Lonmin shares lost nearly a third of their value in one session in November after it announced a delay to its annual results while it conducted an operational review.
Giving an update on that review on Monday, Lonmin kept its spending, sales and production targets for 2018, but said it was taking a $1.1 billion impairment charge due in part to changes about its assumptions for currencies and prices - with both dollar/rand and platinum prices seen weaker.
A stronger rand is negative for South African miners as most of their costs are in rand while platinum is priced in dollars.
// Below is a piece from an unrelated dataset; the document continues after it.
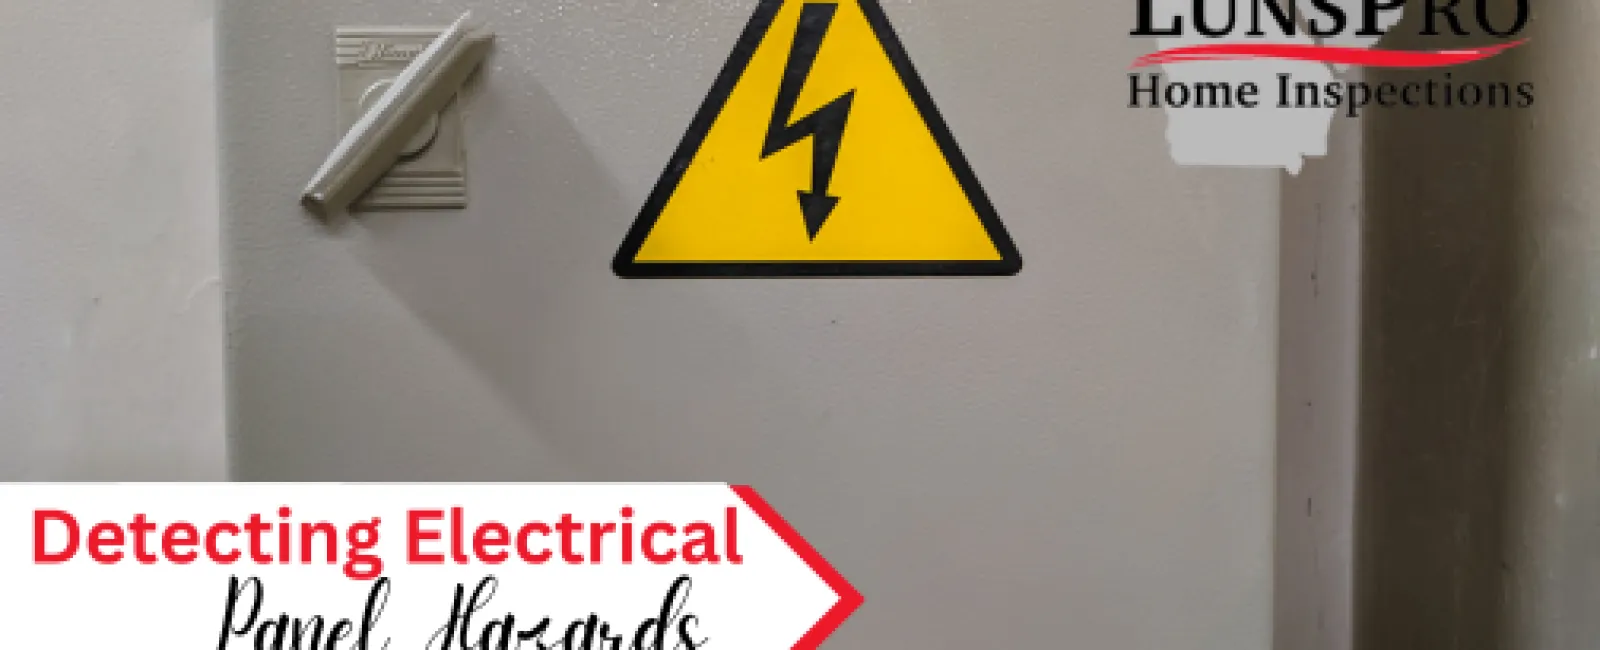 Detecting Electrical Panel Hazards
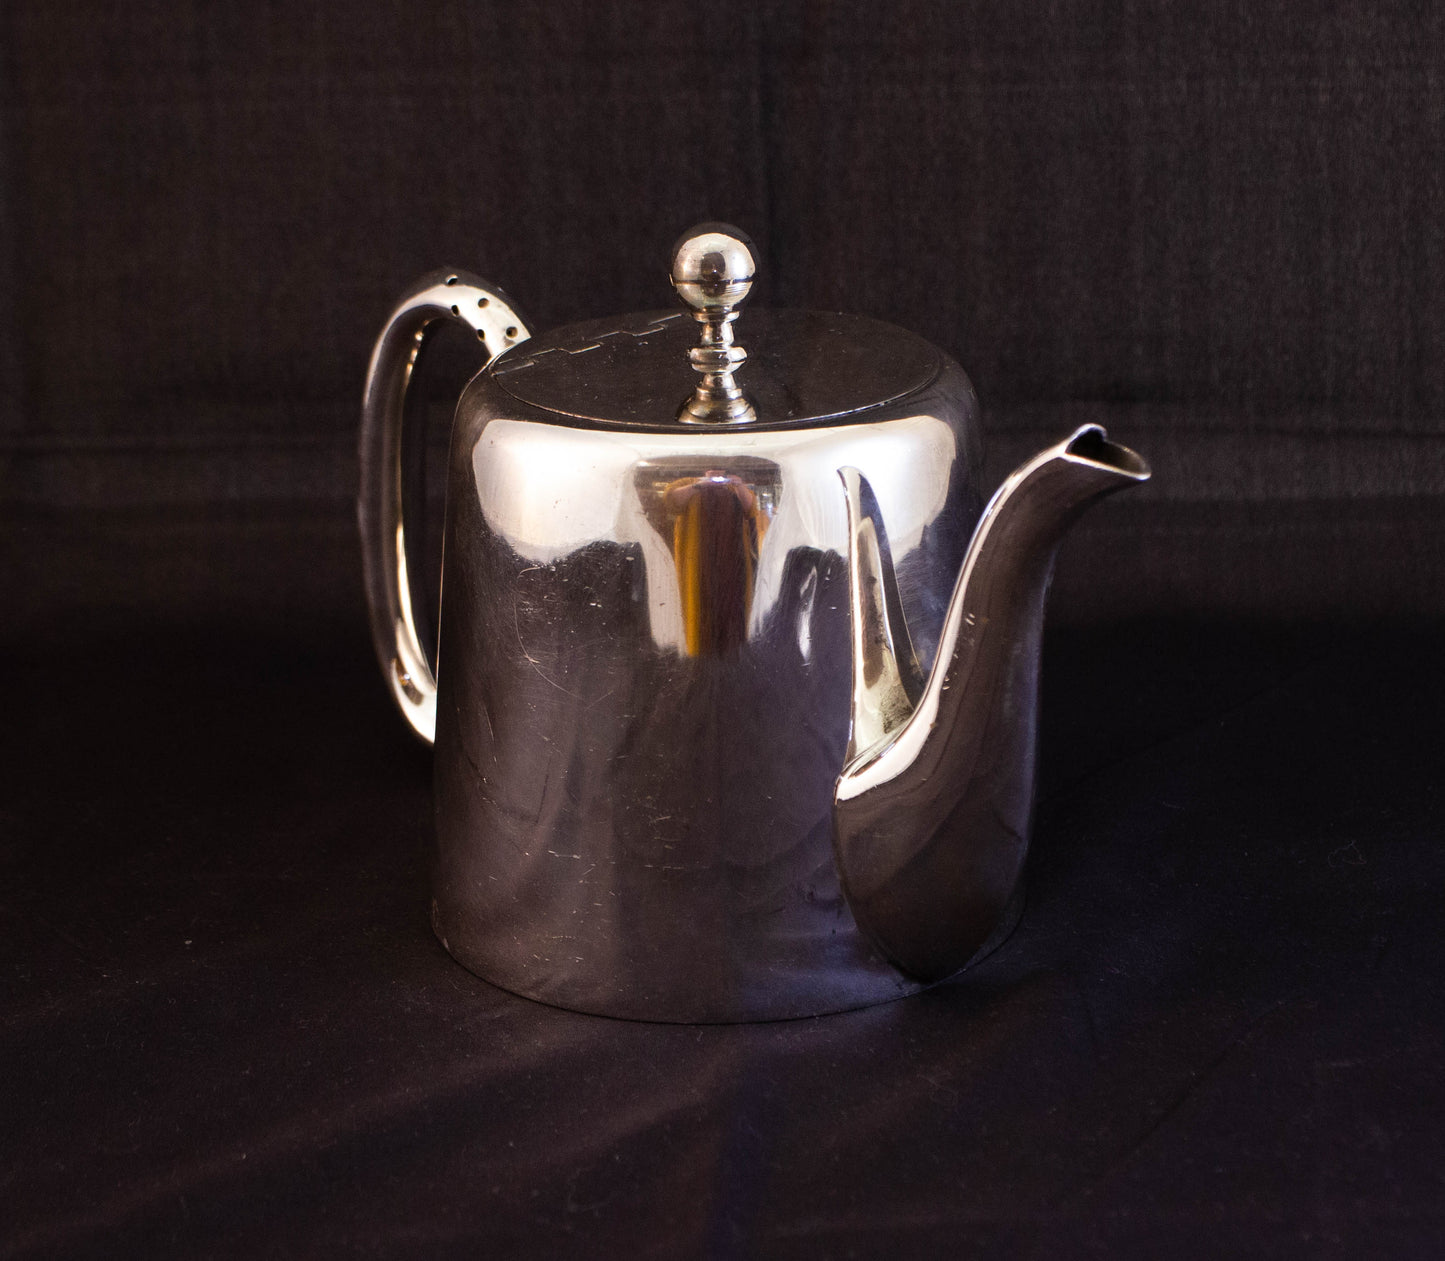 Hotelware Tea Pot

“The main drivers of the impairment is our assumptions into the future which have to do with prices,” Lonmin Chief Executive Ben Magara said on a results call. Platinum prices are trading at less than half of their peak in 2008.
The impairment resulted in Lonmin breaching its loan agreements with its banks. However, the company said last week it had secured a second waiver from its lenders.
Earnings before interest, taxes, depreciation and amortisation (EBITDA) fell to $40 million for the year ended Sept. 30 from $115 million a year earlier. The operating loss reached $1.1 billion from $322 million a year earlier.
Lonmin’s London-listed shares were down 0.9 percent to 85.65 pence at 1045 GMT.
“The important thing is that there is nothing in the announcements that appears to be an impediment to the proposed transaction with Sibanye going through,” said BMO Capital Markets analyst Edward Sterck.
The merger is set to close in the second half of the year, Lonmin said, pending approval from competition authorities and the two company boards.
In the first quarter of its new financial year, Lonmin said its refined production rose 17.7 percent to 161,363 platinum ounces from a year earlier, while sales also increased.
Net cash was $103 million at the end of September, down 40 percent on a year earlier, and fell further to $63 million at the end of December, Lonmin said.